• **Work order**
Retype the listing exactly as it stands, and keep every image out.

** Opening Raw data block **

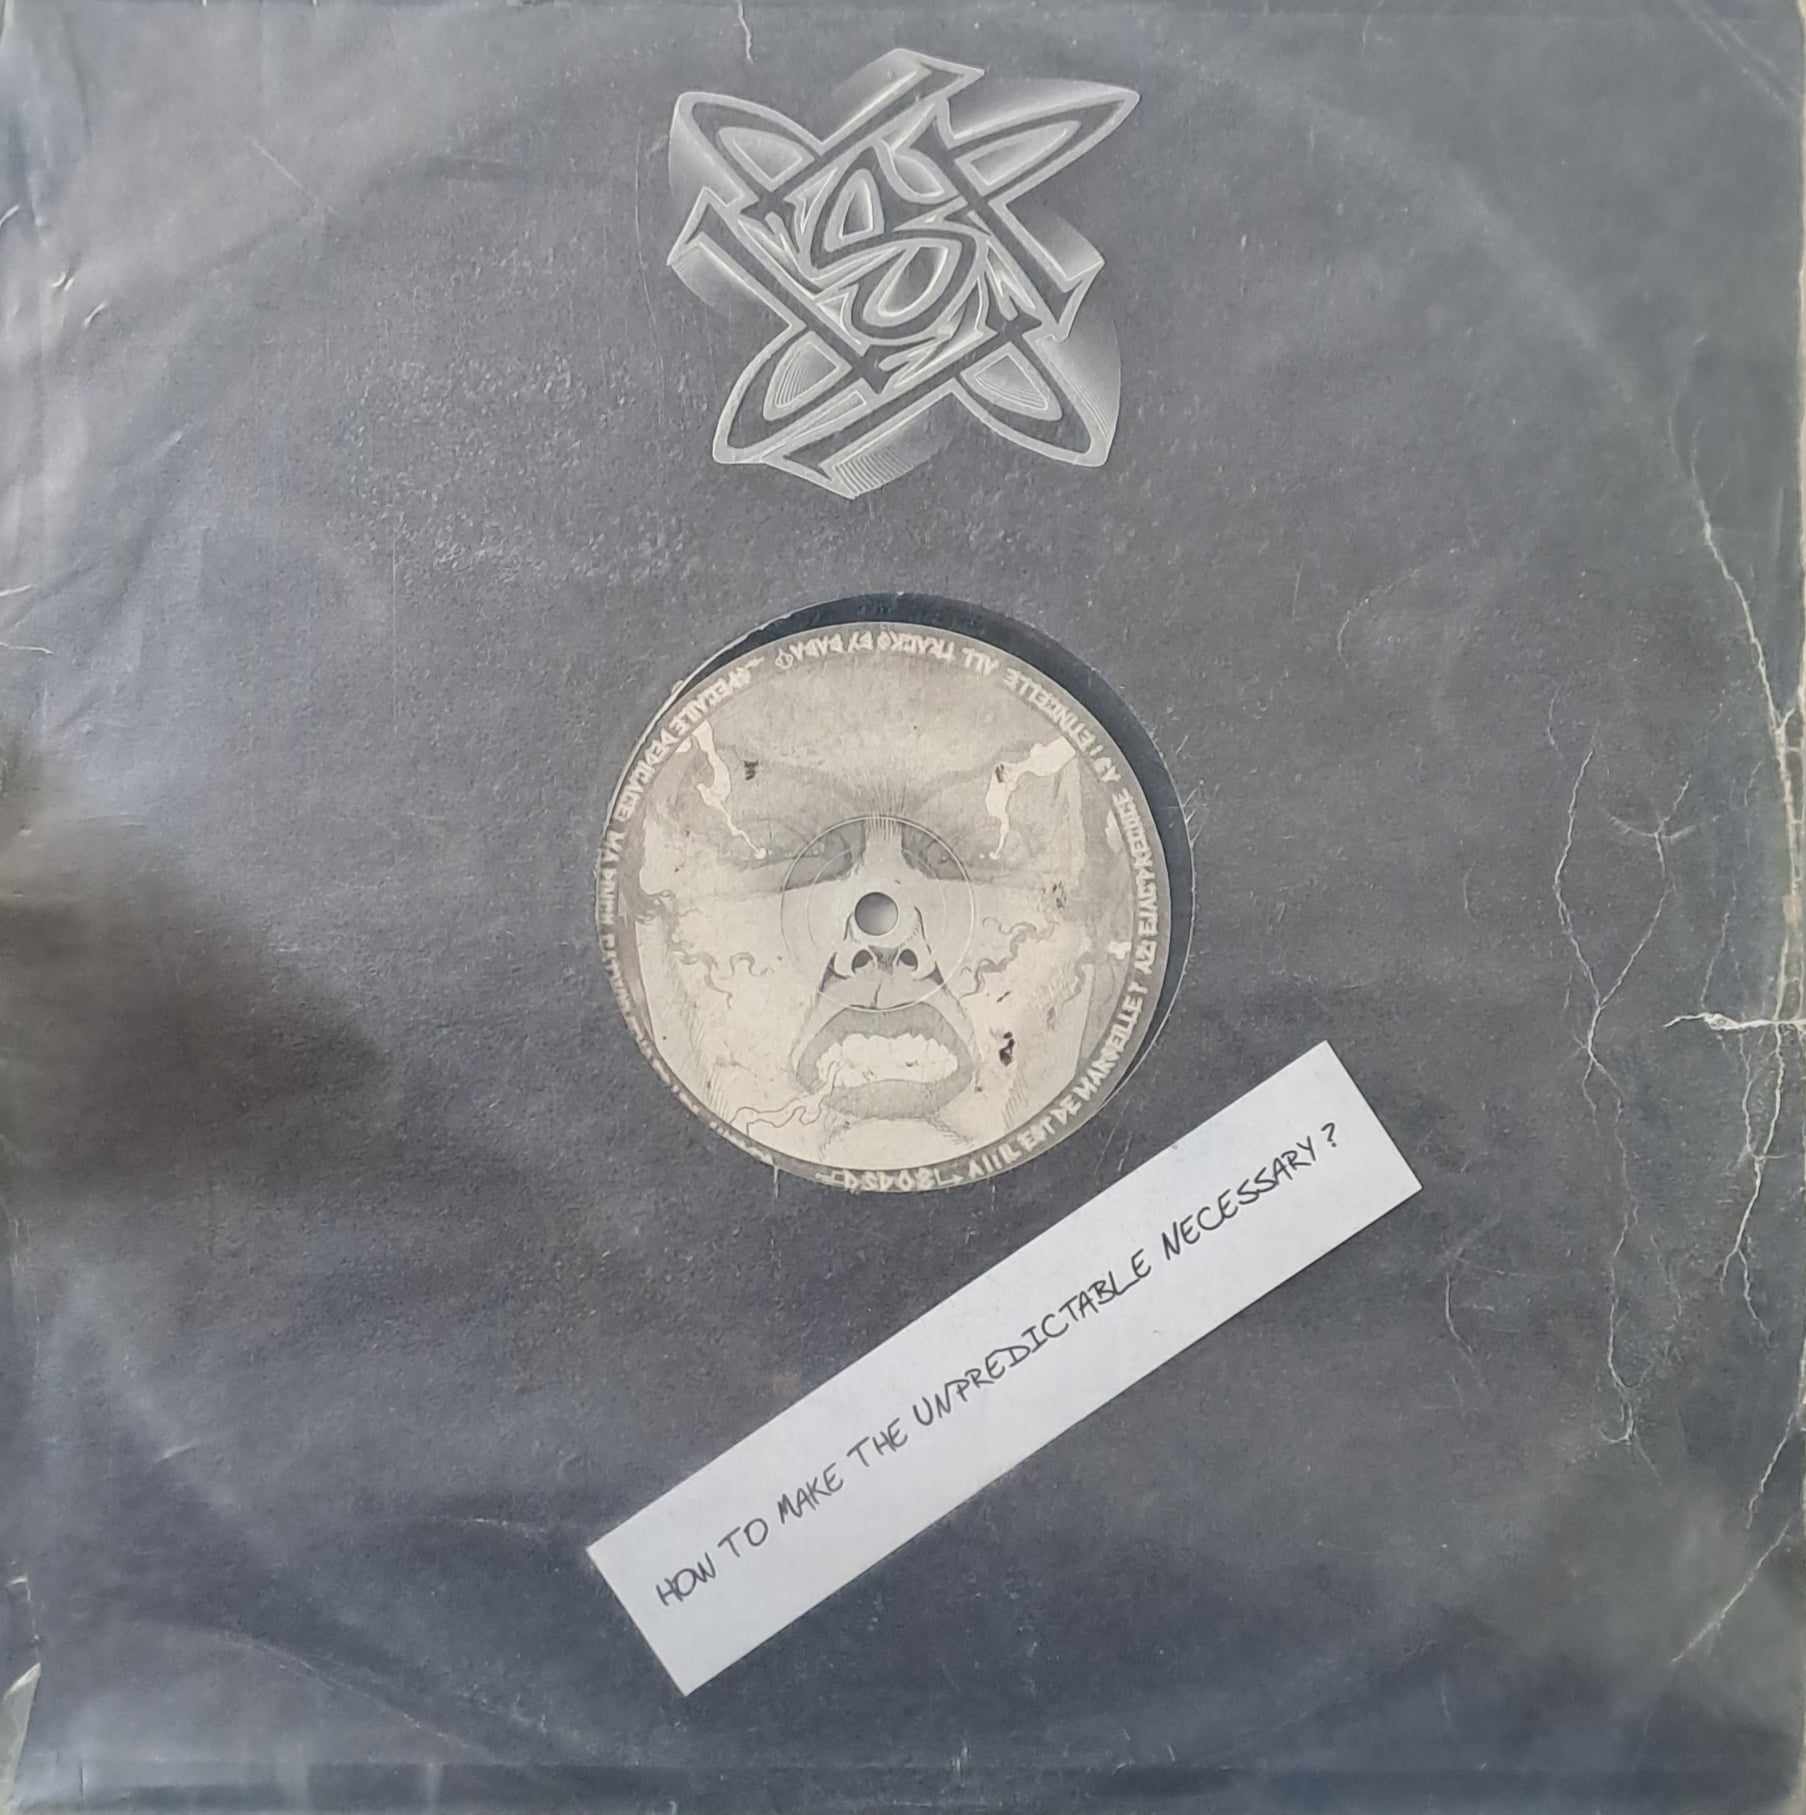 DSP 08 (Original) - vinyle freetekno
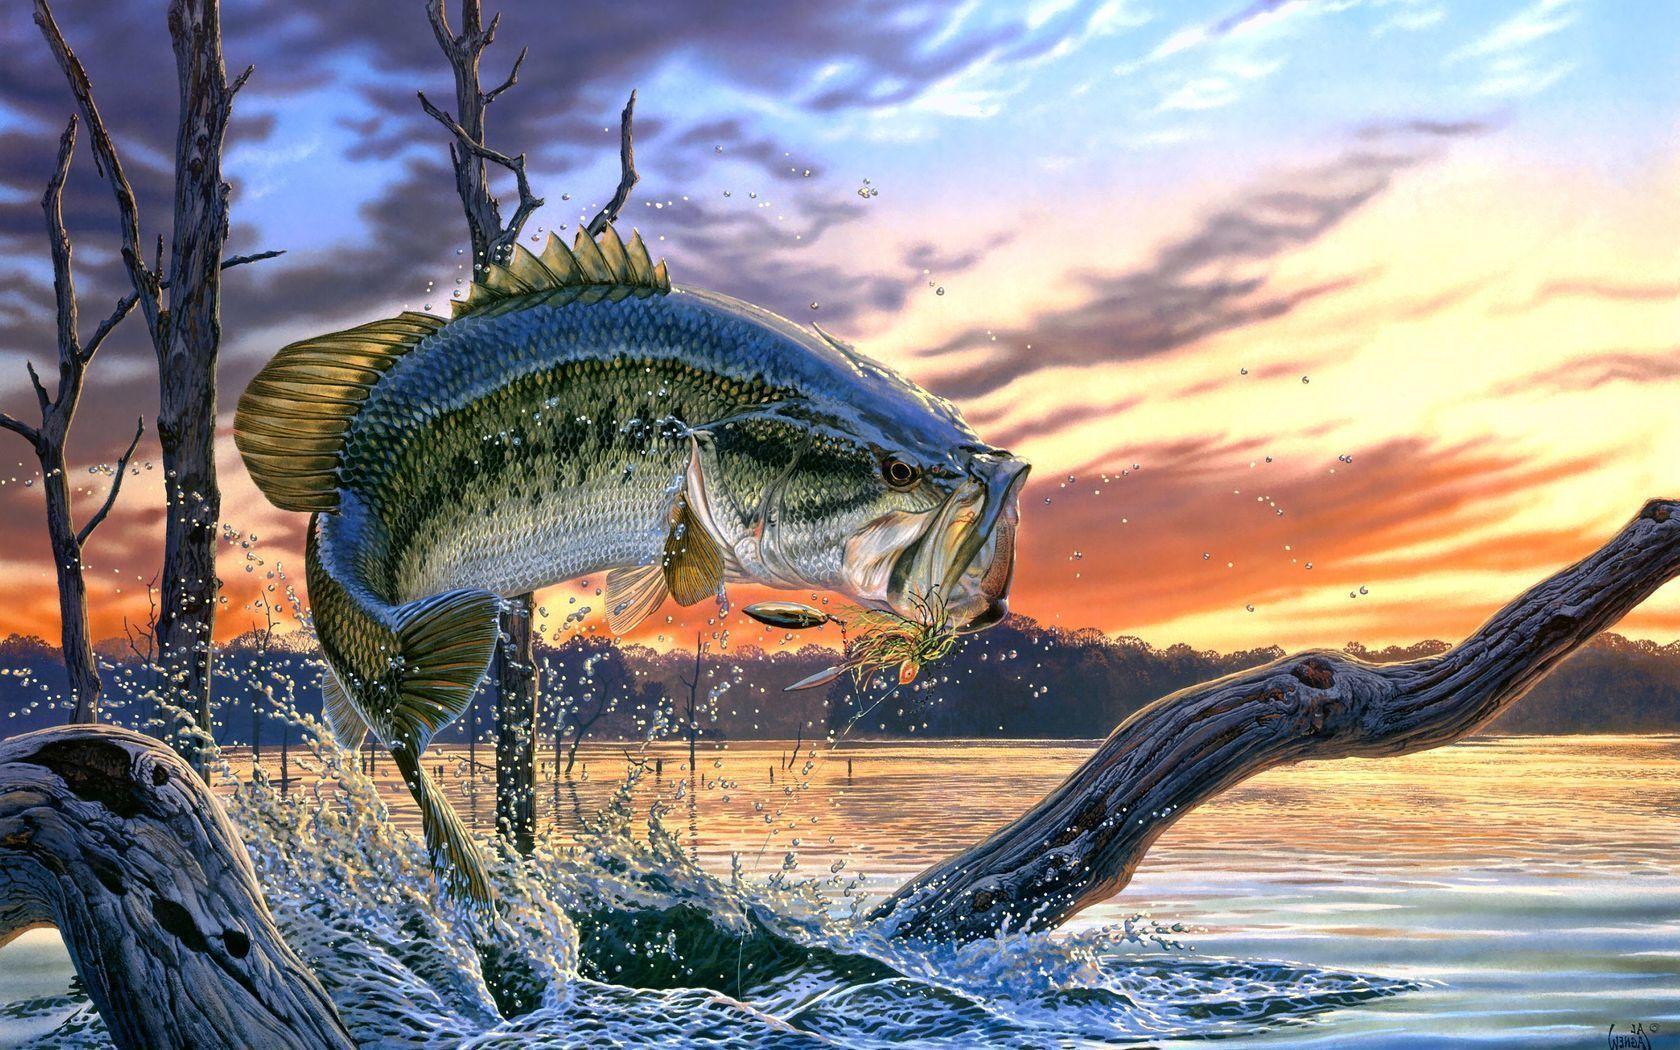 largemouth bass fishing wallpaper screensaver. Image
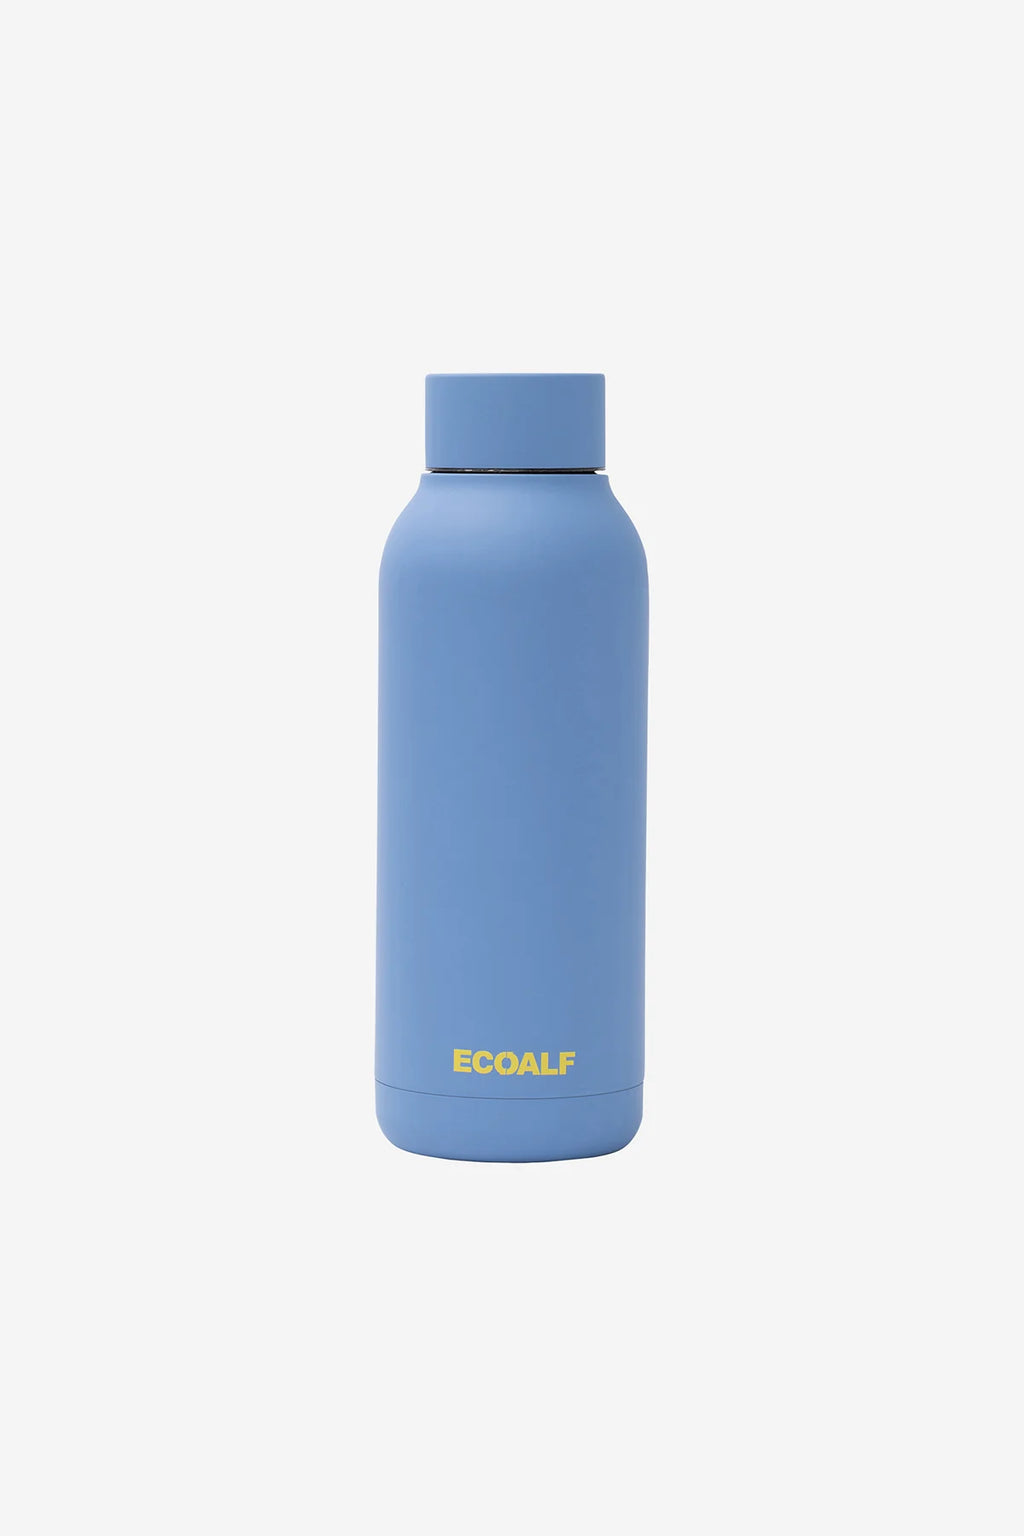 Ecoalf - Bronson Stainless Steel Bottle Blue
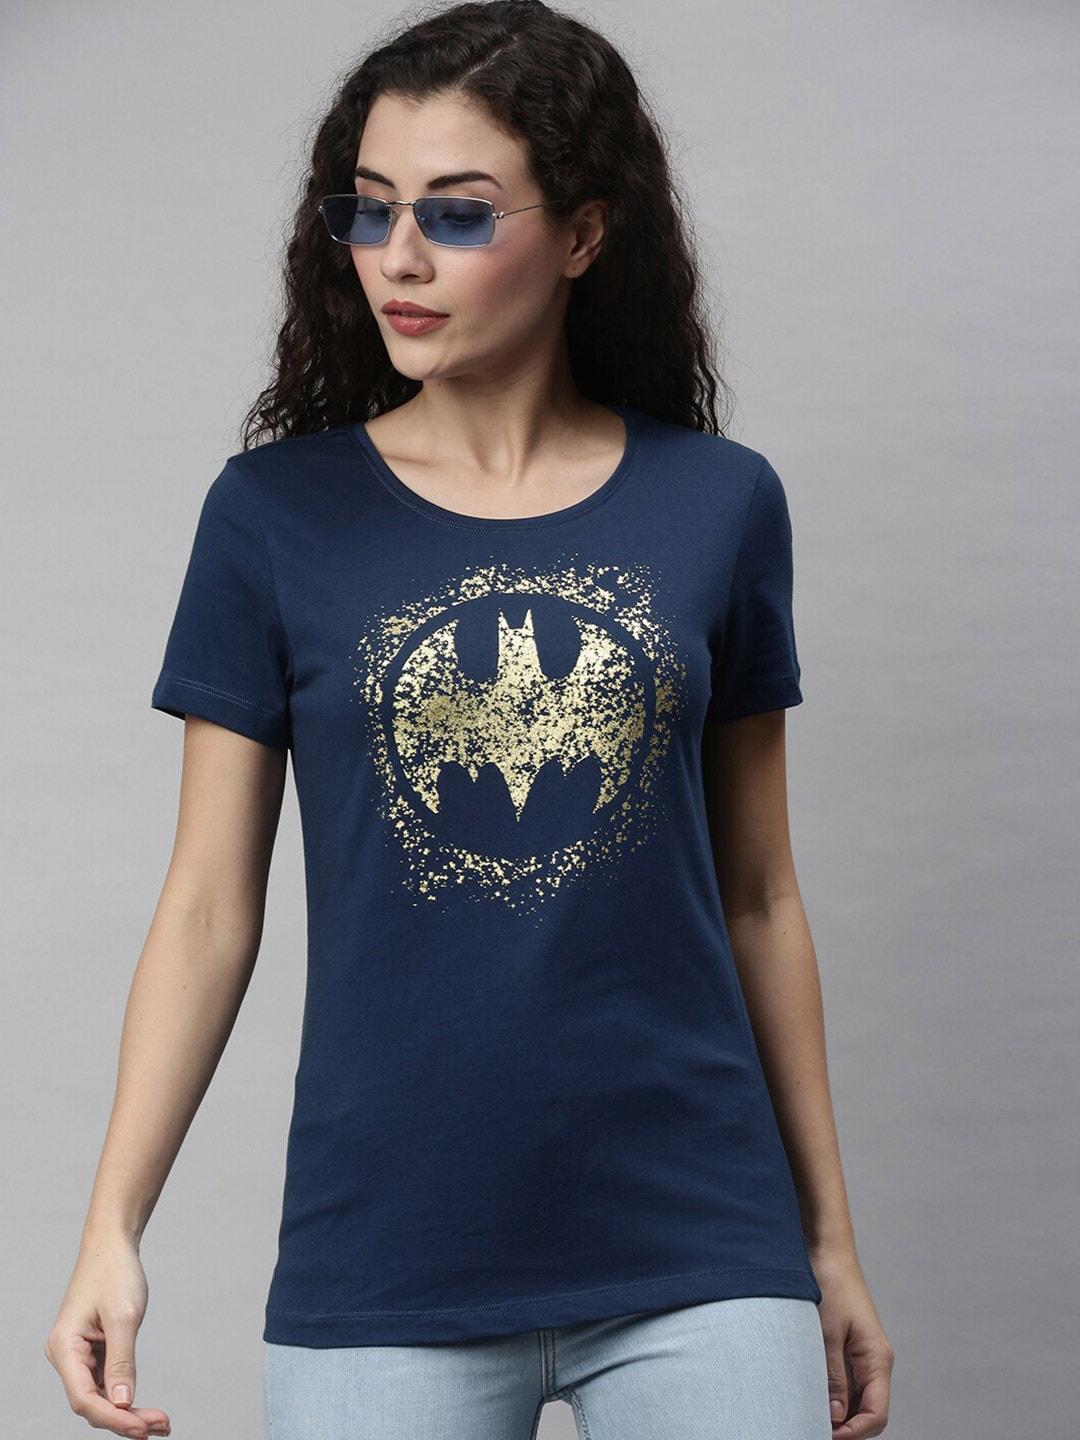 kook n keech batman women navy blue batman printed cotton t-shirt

** Closing Raw data block **

• **Expected answer**
 DSP 08 (Original) - vinyle freetekno
 largemouth bass fishing wallpaper screensaver. Image
 Ecoalf - Bronson Stainless Steel Bottle Blue
 kook n keech batman women navy blue batman printed cotton t-shirt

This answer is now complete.